While returning Regret to Louisiana, Cutter is forced to join forces with the condemned man to fight the "Comancheros", a large outlaw gang headed by a former officer who smuggles guns and whisky to the Comanche Indians, to make money and keep the frontier in a state of violence. Cutter stops at a ranch owned by a friend, when the Comanche attack suddenly. During the attack, Regret jumps on a horse and flees; however, instead of making a clean getaway, he returns with a company of Texas Rangers, who repulse the attack. Because of Regret's act of valour, the Rangers and a Texas judge agree to perjure themselves, stating that Regret could not have been involved in the duel because he was helping them spy out the Comanchero's supply line. Regret is then sworn in as an official Ranger.
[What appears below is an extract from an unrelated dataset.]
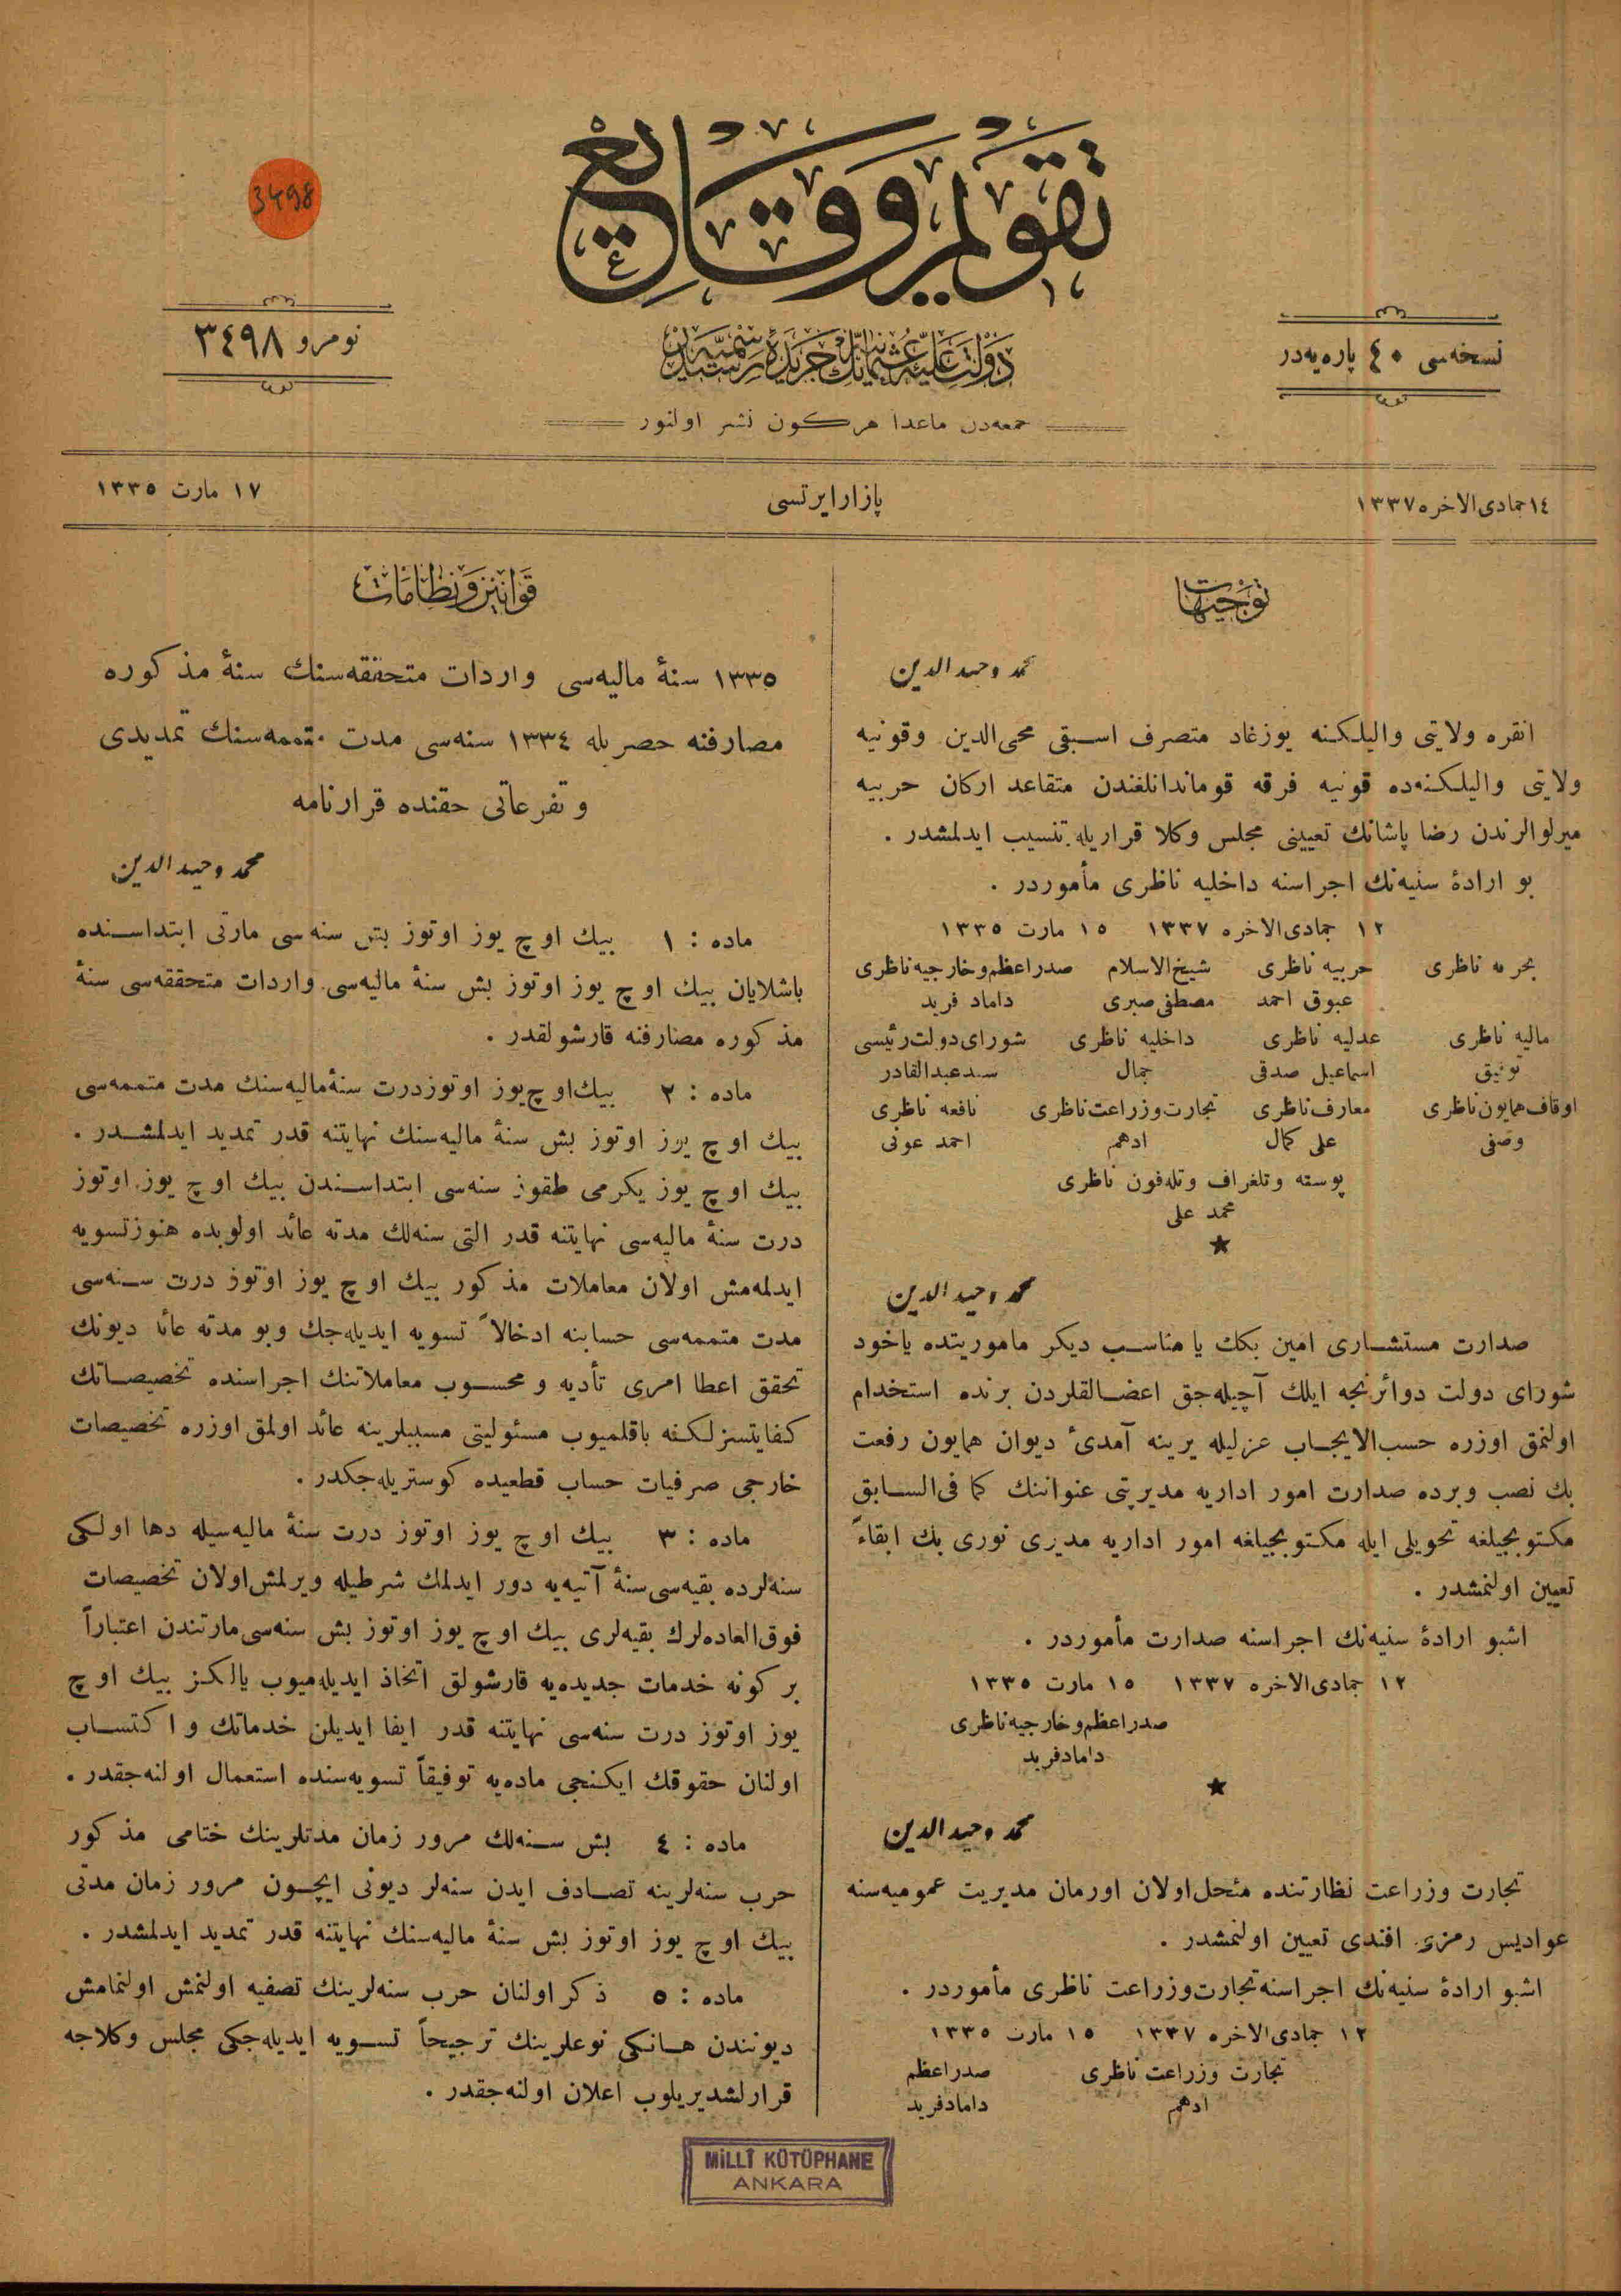 17 Mart 1919 Tarihli Takvim-i Vekayi Gazetesi Sayfa 1

After encountering one of the Comancheros' suppliers and killing him in self-defence, Cutter and Regret take over his delivery wagon and infiltrate the self-sufficient Comanchero community at the bottom of a valley in the desert. Pilar reappears as the daughter of the ruthless Comanchero leader Graile, who uses a wheelchair. He is soon killed by an old woman in the community after he orders the death of her son, and Cutter and the other Texas Rangers defeat the Comanche and Comancheros. Regret and Pilar leave together for Mexico, and Jake rides off into the sunset to rejoin the Ranger company.

Cast

 John Wayne as Capt. Jake Cutter
 Stuart Whitman as Paul Regret
 Ina Balin as Pilar Graile
 Nehemiah Persoff as Graile
 Lee Marvin as Tully Crow
 Michael Ansara as Amelung
 Bruce Cabot as Maj. Henry
 Joan O'Brien as Melinda Marshall
 Patrick Wayne as Tobe (Texas Ranger)
 Richard Devon as Estevan 
 Jack Elam as Horseface
 Henry Daniell as Gireaux 
 Edgar Buchanan as Judge Thaddeus Jackson Breen
 Guinn "Big Boy" Williams as Ed McBain (gunrunner)
 Bob Steele as Pa Schofield
 Leigh Snowden as  Evie – Blonde in Hotel Room (uncredited)
 George J. Lewis as Chief Iron Shirt (uncredited)

Production

Wellman's novel had been bought for the screen by George Stevens, who wanted to direct it after Giant (1956). He then became interested in making The Diary of Anne Frank and sold the film rights to Fox for $300,000. Clair Huffaker was signed by the studio to adapt it for producer Charles Brackett, with Gary Cooper to star. Robert Wagner was in line to play Cooper's co-star.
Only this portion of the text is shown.